The thing that sucks is that not all low-income people lack couth or are into criminal behavior. But the area where I used to live had lots of apartments so there was a transient group and it just got worse and worse.

Before you joke about people CHOOSING to live where there's crime, I suggest you remember that when people don't have money to move, they cannot just up and go. But one thing I am glad about is that I really started learning how the Law of Attraction works and that I am a co-creator with the Universe.

 

bigregg4838

(92 posts)
21. Take his ass to the Trailer Parks (anywhere), and let him see How "they" conduct themselves. OR...
Wed Oct 31, 2012, 11:21 AM
Oct 2012

Purchase as many Jerry Springer, Maury... DVD box sets, and watch them with him.
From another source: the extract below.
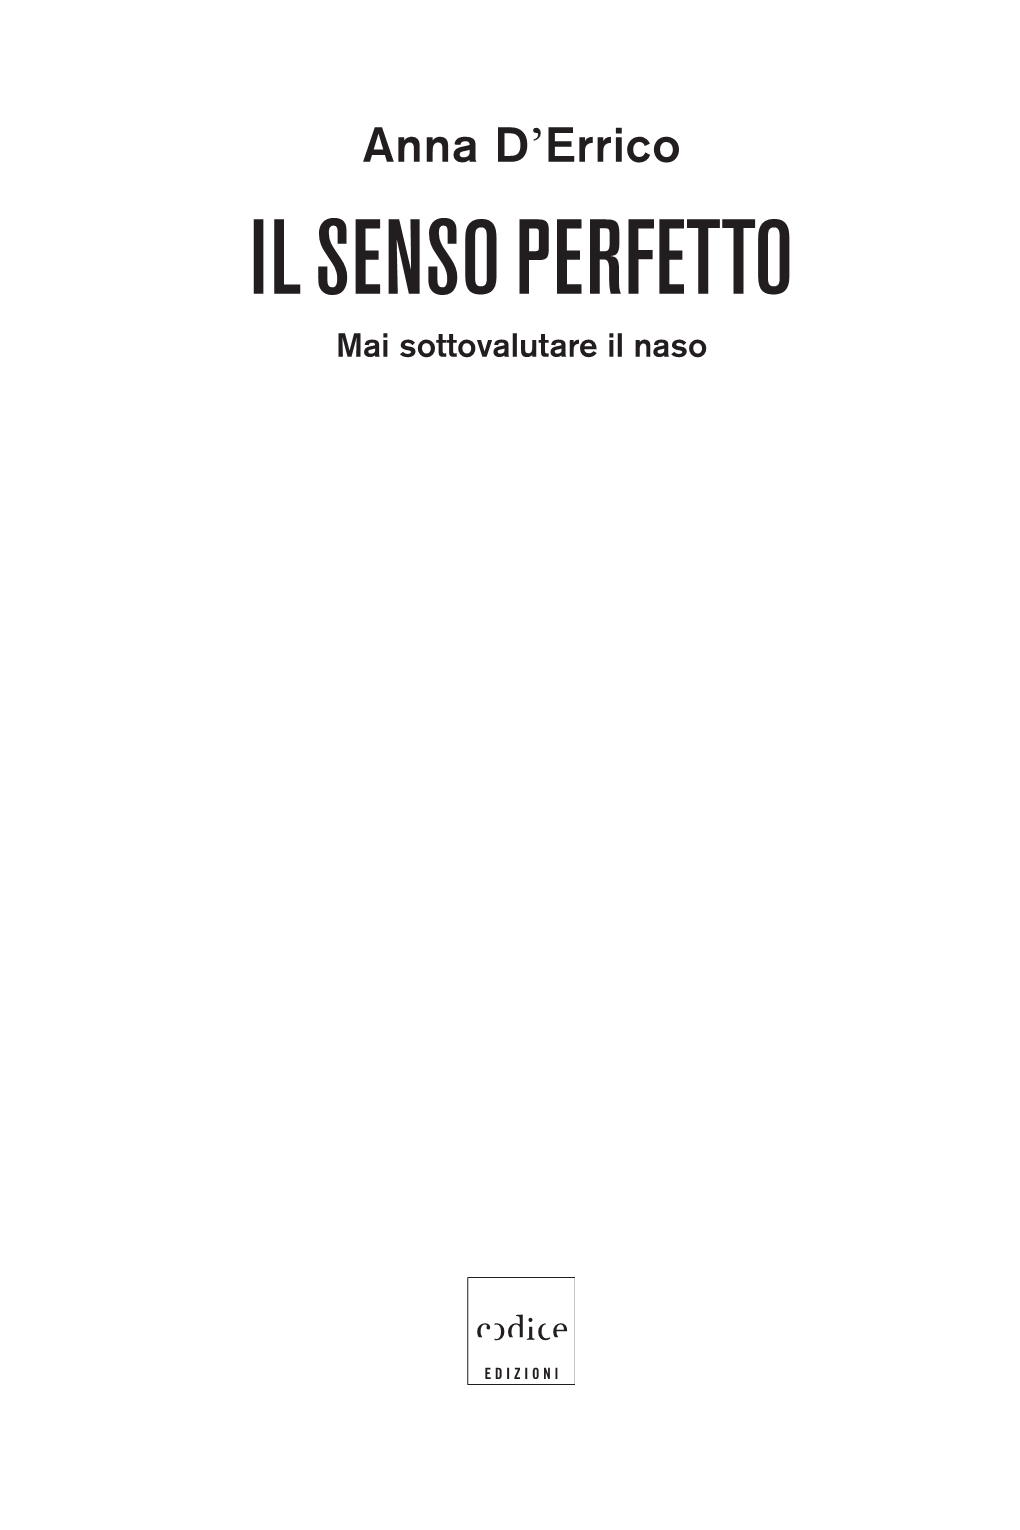 IL SENSO PERFETTO Mai Sottovalutare Il Naso © 2019 Codice Edizioni, Torino ISBN 978-88-7578-811-7 Tutti I Diritti Sono Riservati

Let him see that ignorance is UNIVERSAL. And people with little to no economic efficacy (as a result of their socio economic environments are more prone to act out in violence, hence the immediate, overwhelming thirst to fight on said shows...). Perhaps a comination of the two (The DVD's to show the correlation; the actual trailer park trip to show it is REAL!!!). Hope this helps. ONE LOVE.

Response to Tigress DEM (Original post)

 
26. Wow, you seem to know me SO well...
Tue Nov 27, 2012, 02:22 PM
Nov 2012

And the "Library" tag? Classist, perhaps? Mocking me for using a library's computers?
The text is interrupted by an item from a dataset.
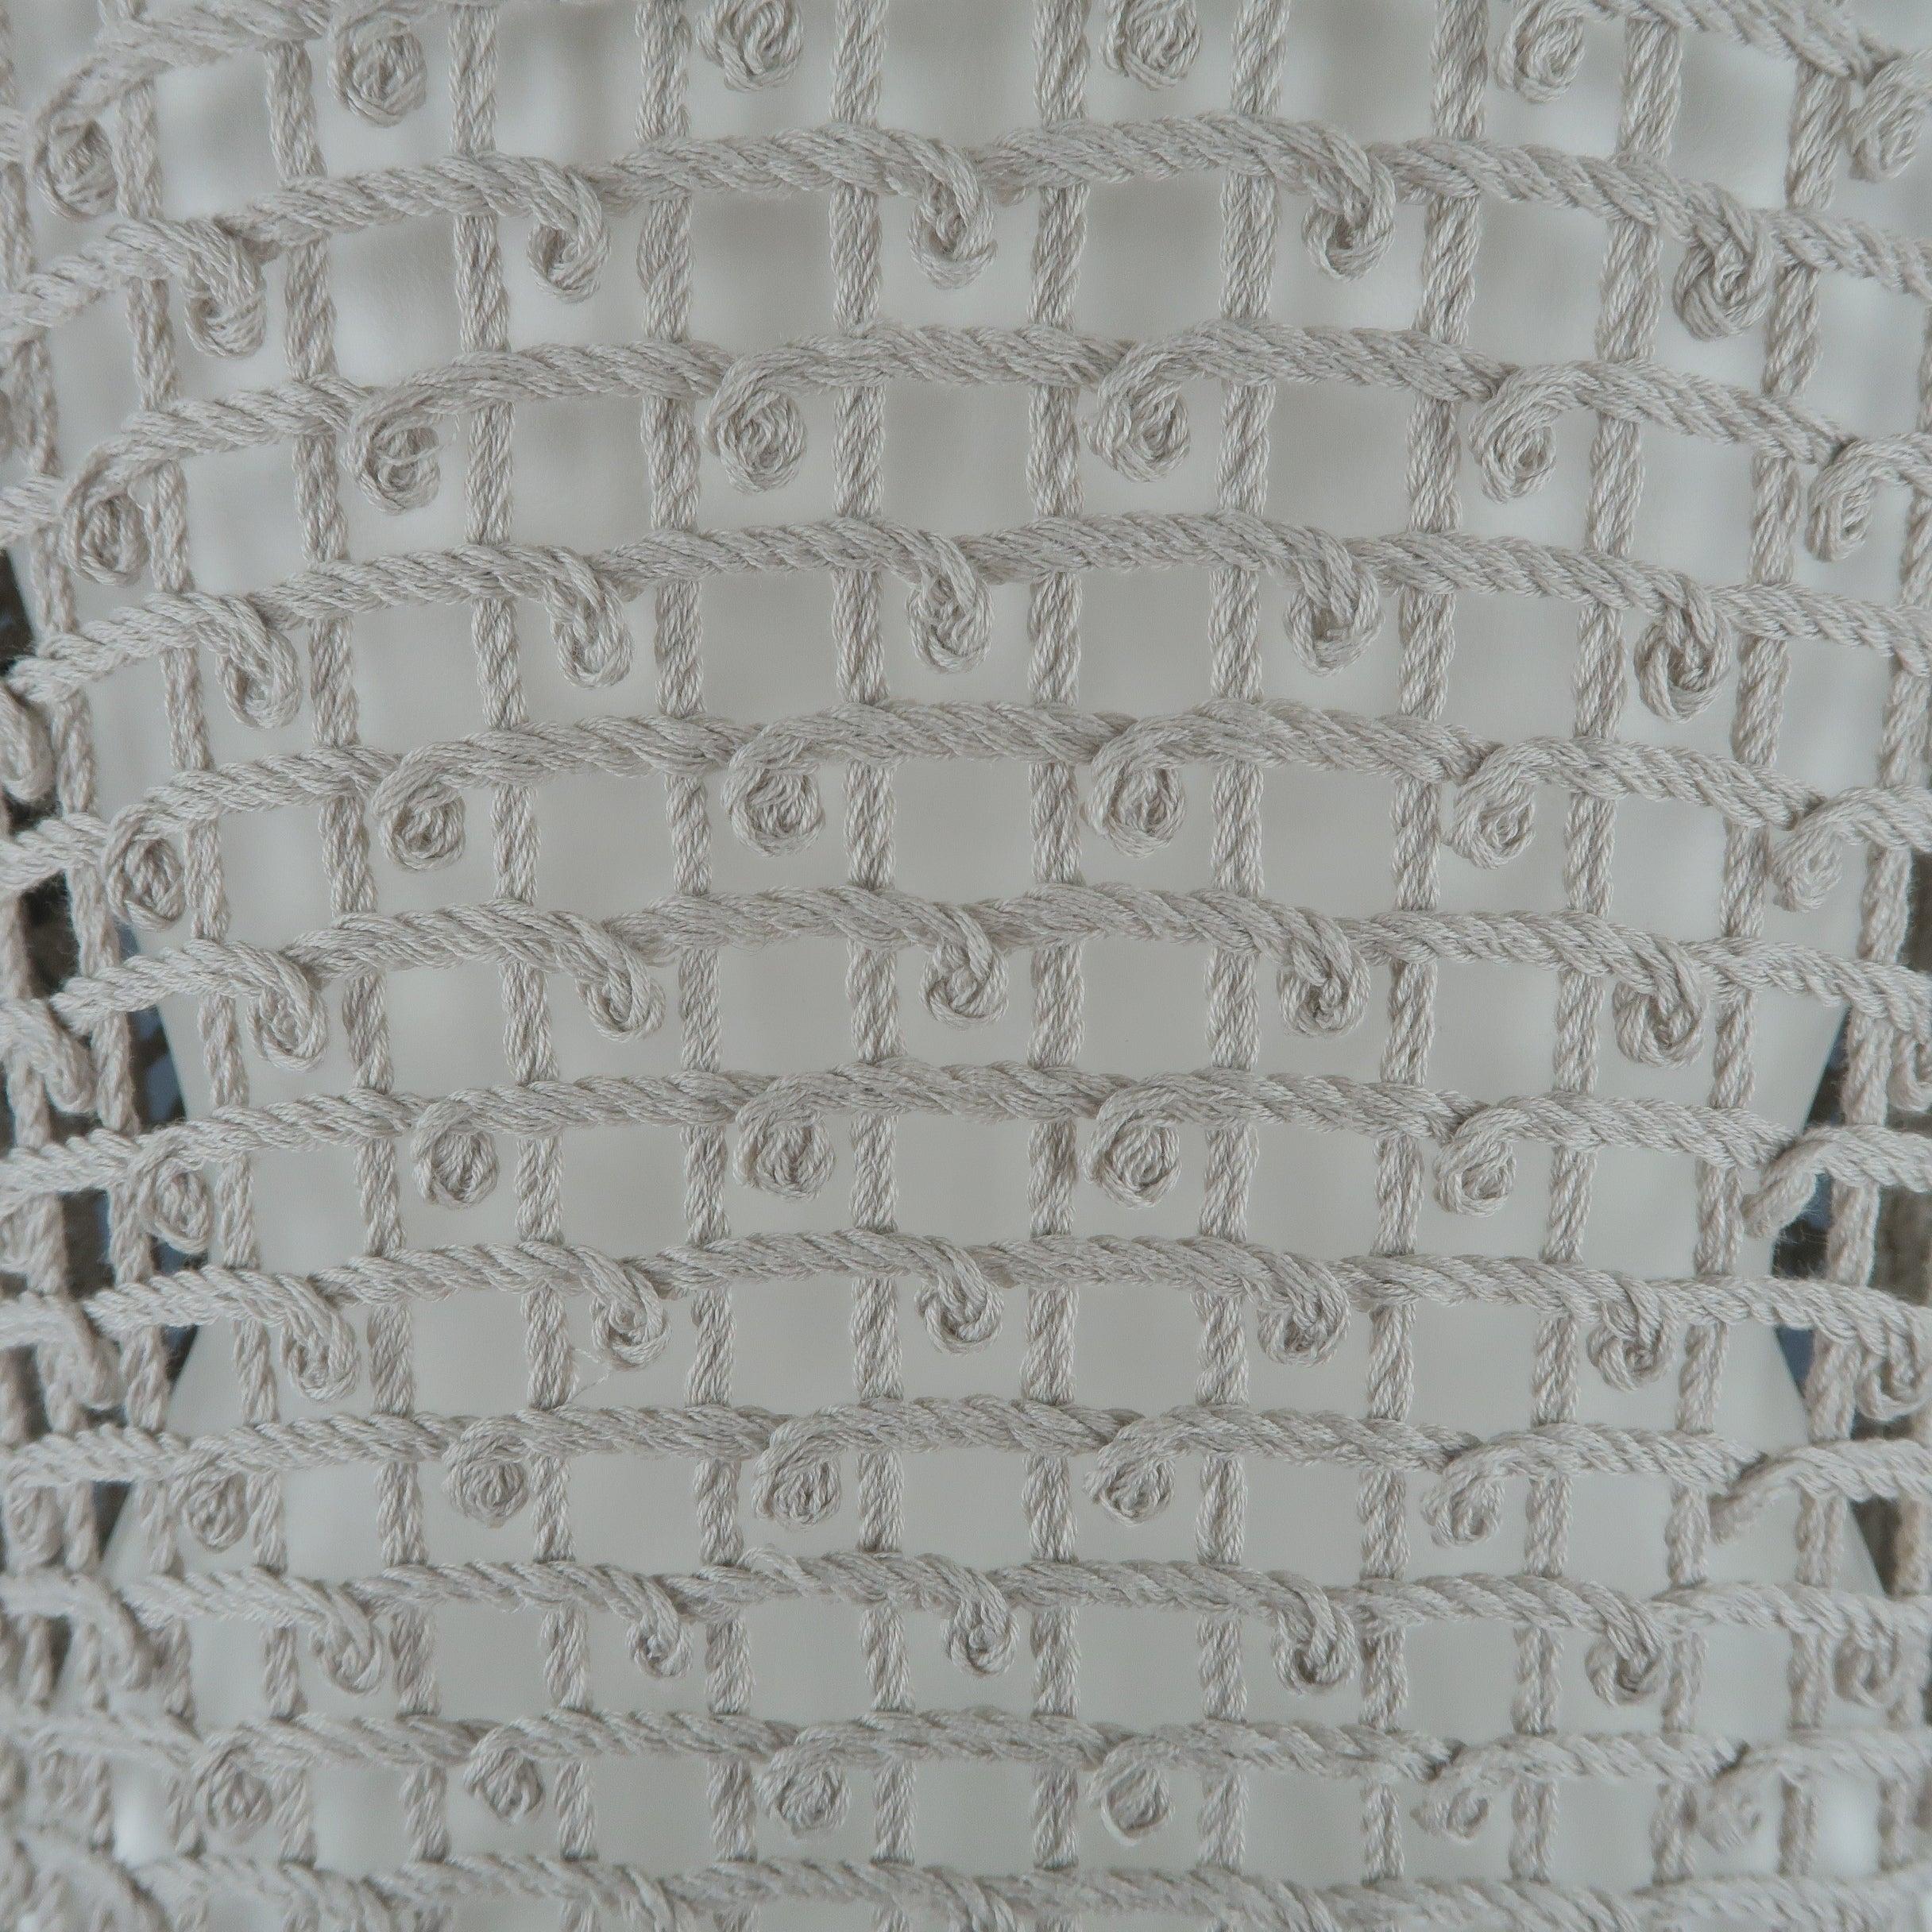 OSCAR DE LA RENTA Size S Taupe & Cream Cotton Crochet Knit Tunic Pullover 6

In any case, I am a person of color and reserve the right to discuss race in an upfront manner, instead of phony patronizing PC bullshit. The thread was started by someone whose son is Black and who is starting to see patterns of behavior among various groups. Pretending that it never exists is not the answer.

 
29. Did we mean 'pesky?'
Wed Nov 28, 2012, 01:12 PM
Nov 2012

Nice word-label, darlin'. Very politically correct. How's the ranch? Have you perchance run into Mittens and Ann?

Kali

(55,025 posts)
30. nope, I meant pesty
Wed Nov 28, 2012, 03:35 PM
Nov 2012

like cockroaches and flies. pests. grab a reference book while you are wasting time trolling DU.